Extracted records

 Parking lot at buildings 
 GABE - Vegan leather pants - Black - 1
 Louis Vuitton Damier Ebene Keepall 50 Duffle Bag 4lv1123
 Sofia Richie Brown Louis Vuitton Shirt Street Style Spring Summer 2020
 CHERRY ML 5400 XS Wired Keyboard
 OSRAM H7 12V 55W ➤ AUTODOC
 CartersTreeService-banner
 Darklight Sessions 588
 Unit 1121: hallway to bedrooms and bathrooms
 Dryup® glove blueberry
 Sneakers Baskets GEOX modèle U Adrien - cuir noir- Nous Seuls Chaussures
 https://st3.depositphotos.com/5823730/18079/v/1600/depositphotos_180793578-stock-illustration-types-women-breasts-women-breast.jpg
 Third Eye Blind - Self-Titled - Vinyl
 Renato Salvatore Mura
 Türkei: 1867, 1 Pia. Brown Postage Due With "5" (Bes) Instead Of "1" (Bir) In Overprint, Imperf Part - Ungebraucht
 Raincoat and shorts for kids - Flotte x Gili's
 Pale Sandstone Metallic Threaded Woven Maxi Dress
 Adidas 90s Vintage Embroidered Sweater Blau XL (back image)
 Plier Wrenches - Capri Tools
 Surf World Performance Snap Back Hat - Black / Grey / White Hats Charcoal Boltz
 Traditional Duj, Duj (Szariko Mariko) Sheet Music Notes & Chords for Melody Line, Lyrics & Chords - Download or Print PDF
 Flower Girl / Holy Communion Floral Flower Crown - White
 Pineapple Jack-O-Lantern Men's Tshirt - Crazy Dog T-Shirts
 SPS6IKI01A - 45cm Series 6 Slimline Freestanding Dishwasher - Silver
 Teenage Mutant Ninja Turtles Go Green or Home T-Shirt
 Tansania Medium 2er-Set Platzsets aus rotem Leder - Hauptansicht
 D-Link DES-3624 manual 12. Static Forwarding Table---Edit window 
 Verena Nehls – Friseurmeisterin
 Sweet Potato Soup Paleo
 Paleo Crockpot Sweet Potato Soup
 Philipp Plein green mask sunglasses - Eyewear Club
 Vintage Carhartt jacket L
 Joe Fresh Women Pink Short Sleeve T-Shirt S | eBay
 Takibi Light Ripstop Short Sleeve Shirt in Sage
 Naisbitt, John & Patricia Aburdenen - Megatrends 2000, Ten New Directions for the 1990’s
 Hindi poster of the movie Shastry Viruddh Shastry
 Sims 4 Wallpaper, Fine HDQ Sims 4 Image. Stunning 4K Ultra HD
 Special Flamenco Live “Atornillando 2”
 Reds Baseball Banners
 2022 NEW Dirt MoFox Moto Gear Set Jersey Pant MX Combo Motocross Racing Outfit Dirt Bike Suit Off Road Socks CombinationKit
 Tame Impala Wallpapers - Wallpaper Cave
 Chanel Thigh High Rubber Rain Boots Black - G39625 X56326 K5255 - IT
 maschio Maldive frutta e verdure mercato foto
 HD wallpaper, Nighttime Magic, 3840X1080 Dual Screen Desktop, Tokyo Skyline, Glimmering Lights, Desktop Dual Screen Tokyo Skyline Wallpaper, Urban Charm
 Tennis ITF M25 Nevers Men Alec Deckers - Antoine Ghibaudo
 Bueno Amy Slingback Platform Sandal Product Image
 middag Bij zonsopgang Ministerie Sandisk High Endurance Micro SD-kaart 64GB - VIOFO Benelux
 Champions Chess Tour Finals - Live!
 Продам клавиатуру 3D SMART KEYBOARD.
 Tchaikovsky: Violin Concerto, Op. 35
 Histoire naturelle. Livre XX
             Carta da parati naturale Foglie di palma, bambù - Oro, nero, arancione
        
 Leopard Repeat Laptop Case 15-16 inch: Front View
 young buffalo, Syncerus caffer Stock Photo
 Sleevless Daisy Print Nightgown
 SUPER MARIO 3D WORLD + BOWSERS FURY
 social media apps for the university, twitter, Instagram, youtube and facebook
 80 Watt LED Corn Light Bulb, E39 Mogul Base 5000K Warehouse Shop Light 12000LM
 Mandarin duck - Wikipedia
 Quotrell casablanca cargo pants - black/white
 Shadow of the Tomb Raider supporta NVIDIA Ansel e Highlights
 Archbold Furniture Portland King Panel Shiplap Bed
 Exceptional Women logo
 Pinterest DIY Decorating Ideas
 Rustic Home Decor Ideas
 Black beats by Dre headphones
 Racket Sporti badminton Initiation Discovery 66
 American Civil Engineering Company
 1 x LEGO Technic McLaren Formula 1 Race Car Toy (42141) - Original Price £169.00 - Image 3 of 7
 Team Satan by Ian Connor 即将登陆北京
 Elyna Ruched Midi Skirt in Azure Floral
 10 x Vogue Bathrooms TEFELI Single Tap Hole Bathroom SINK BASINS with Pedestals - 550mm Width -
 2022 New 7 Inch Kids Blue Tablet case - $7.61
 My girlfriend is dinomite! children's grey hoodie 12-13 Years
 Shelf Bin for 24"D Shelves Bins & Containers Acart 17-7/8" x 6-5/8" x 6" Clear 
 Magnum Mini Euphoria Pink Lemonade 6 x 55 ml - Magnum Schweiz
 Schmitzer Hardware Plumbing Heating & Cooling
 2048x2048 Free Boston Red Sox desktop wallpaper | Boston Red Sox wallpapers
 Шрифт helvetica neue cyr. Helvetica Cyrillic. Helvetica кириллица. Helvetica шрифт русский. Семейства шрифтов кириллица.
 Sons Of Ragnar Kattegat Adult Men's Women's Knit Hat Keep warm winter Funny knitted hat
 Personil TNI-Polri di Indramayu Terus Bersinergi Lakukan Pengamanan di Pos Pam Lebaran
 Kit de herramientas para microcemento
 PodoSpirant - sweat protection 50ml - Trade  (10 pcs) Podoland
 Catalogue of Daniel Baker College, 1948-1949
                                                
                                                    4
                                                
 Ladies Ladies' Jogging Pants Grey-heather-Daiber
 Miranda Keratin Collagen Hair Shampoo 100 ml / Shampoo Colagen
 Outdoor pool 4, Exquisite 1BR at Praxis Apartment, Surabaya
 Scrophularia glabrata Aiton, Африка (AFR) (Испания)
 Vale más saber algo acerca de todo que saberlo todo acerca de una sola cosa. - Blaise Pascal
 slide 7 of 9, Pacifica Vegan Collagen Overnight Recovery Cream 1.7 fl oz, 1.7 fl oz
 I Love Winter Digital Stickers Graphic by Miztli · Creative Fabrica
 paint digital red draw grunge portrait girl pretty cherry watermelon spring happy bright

Exercise requirements. The entries above hold a line with "Pineapple Jack-O-Lantern Men's" and a later line with "maschio Maldive frutta". Write out exactly those lines and all lines between, nothing more.

Response to the task.
 Pineapple Jack-O-Lantern Men's Tshirt - Crazy Dog T-Shirts
 SPS6IKI01A - 45cm Series 6 Slimline Freestanding Dishwasher - Silver
 Teenage Mutant Ninja Turtles Go Green or Home T-Shirt
 Tansania Medium 2er-Set Platzsets aus rotem Leder - Hauptansicht
 D-Link DES-3624 manual 12. Static Forwarding Table---Edit window 
 Verena Nehls – Friseurmeisterin
 Sweet Potato Soup Paleo
 Paleo Crockpot Sweet Potato Soup
 Philipp Plein green mask sunglasses - Eyewear Club
 Vintage Carhartt jacket L
 Joe Fresh Women Pink Short Sleeve T-Shirt S | eBay
 Takibi Light Ripstop Short Sleeve Shirt in Sage
 Naisbitt, John & Patricia Aburdenen - Megatrends 2000, Ten New Directions for the 1990’s
 Hindi poster of the movie Shastry Viruddh Shastry
 Sims 4 Wallpaper, Fine HDQ Sims 4 Image. Stunning 4K Ultra HD
 Special Flamenco Live “Atornillando 2”
 Reds Baseball Banners
 2022 NEW Dirt MoFox Moto Gear Set Jersey Pant MX Combo Motocross Racing Outfit Dirt Bike Suit Off Road Socks CombinationKit
 Tame Impala Wallpapers - Wallpaper Cave
 Chanel Thigh High Rubber Rain Boots Black - G39625 X56326 K5255 - IT
 maschio Maldive frutta e verdure mercato foto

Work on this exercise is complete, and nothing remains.